Shares of Civeo Corporation (CVEO 1.78%) dropped more than 18% last month, following a 6.3% decline in crude oil prices in March. For reference, shares began the month at an all-time high near $3.50 apiece. The integrated provider of remote workforce accommodations piggybacks on the growth of the mining and oil gas industries in Canada, the United States, and Australia. When natural resource extraction and pipeline construction is booming, the company's business follows suit. However, the reverse is also true. 

The pullback in oil and gas investment in recent years and steady decline of coal production hit the business hard. Therefore, investors worry that any downturn in crude oil prices jeopardizes future demand for the company's services and its ability to recover from its multi-year slump.
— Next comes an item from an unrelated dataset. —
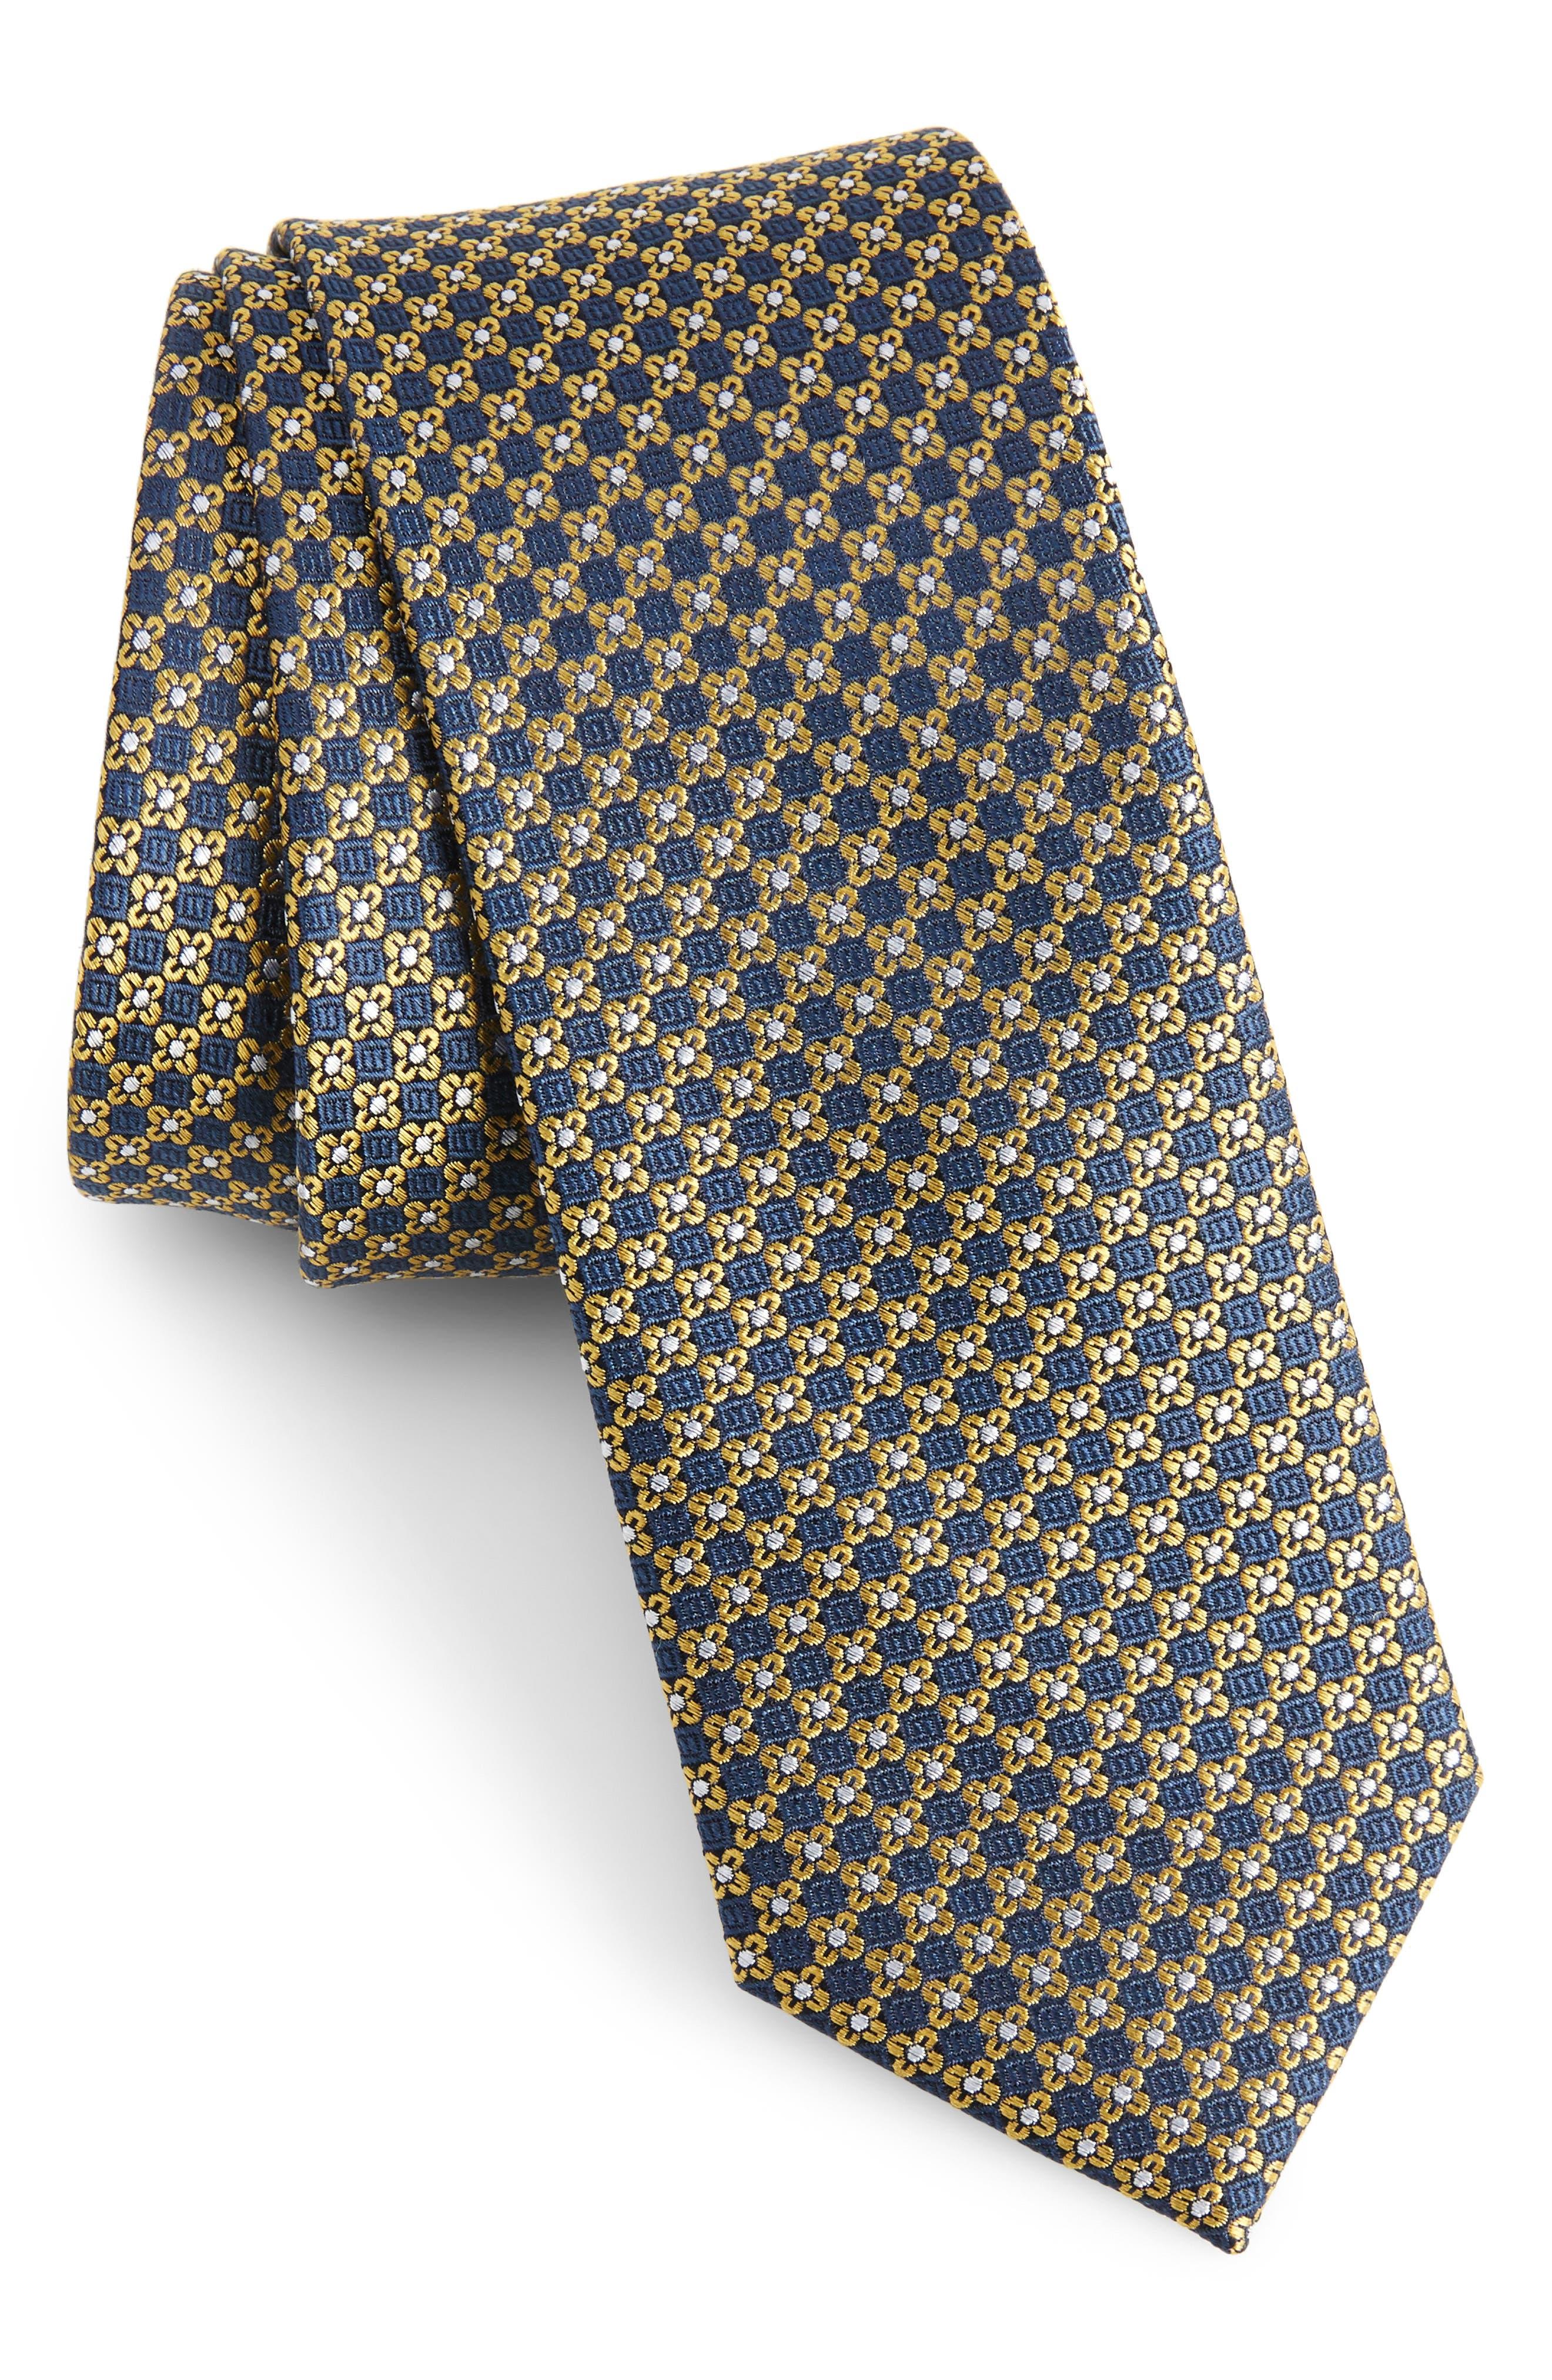 Alternate Image 1 Selected - The Tie Bar Floral Network Silk Skinny Tie

An oil worker in silhouette against an oil well.

Image source: Getty Images.

So what

While month-to-month jitters are a little over the top from a long-term investing point of view, Civeo Corporation doesn't have much room for error. The $380 million company reported a staggering $337 million in long-term debt at the end of 2016. It also saw revenue drop 23.3% from the year-ago period and reported a net loss of $0.90 per share. Given the difficult market conditions in recent years, it's not surprising that the stock is familiar with volatility.  

But there's some good news as well. A $65 million stock issuance in February was used to pay down debt levels. Management has also managed to cut selling, general, and administrative expenses 22% since 2014.

CVEO Chart

CVEO data by YCharts

The biggest boon to business in the near term may be an expected uptick in shorter cycle business, or lodging required for shorter-term projects such as remote rig installation or pipeline building. Consider that in 2014 Civeo Corporation generated roughly $225 million from shorter-cycle business. That dropped to just $50 million last year. While management hasn't provided expectations for when that business will recover, improvements in drilling and completion technology have dramatically shortened the duration of well installation in recent years. That could hurt the chances that the company sees a return to historical revenue levels. Then again, at just $50 million, any upside would be welcomed.  

Now what

Despite the headwinds, investors continue to bet on the future of Civeo Corporation, as evidenced by recently established all-time highs -- even if they feed into volatility and uncertainty from time to time. The stock has only been publicly traded since mid-2015, but the balance sheet is clearly improving and management is optimistic about the future. If natural resource extraction rates recover to historical levels, then the company's business could be in line for a major windfall. But that may prove more difficult than investors currently anticipate.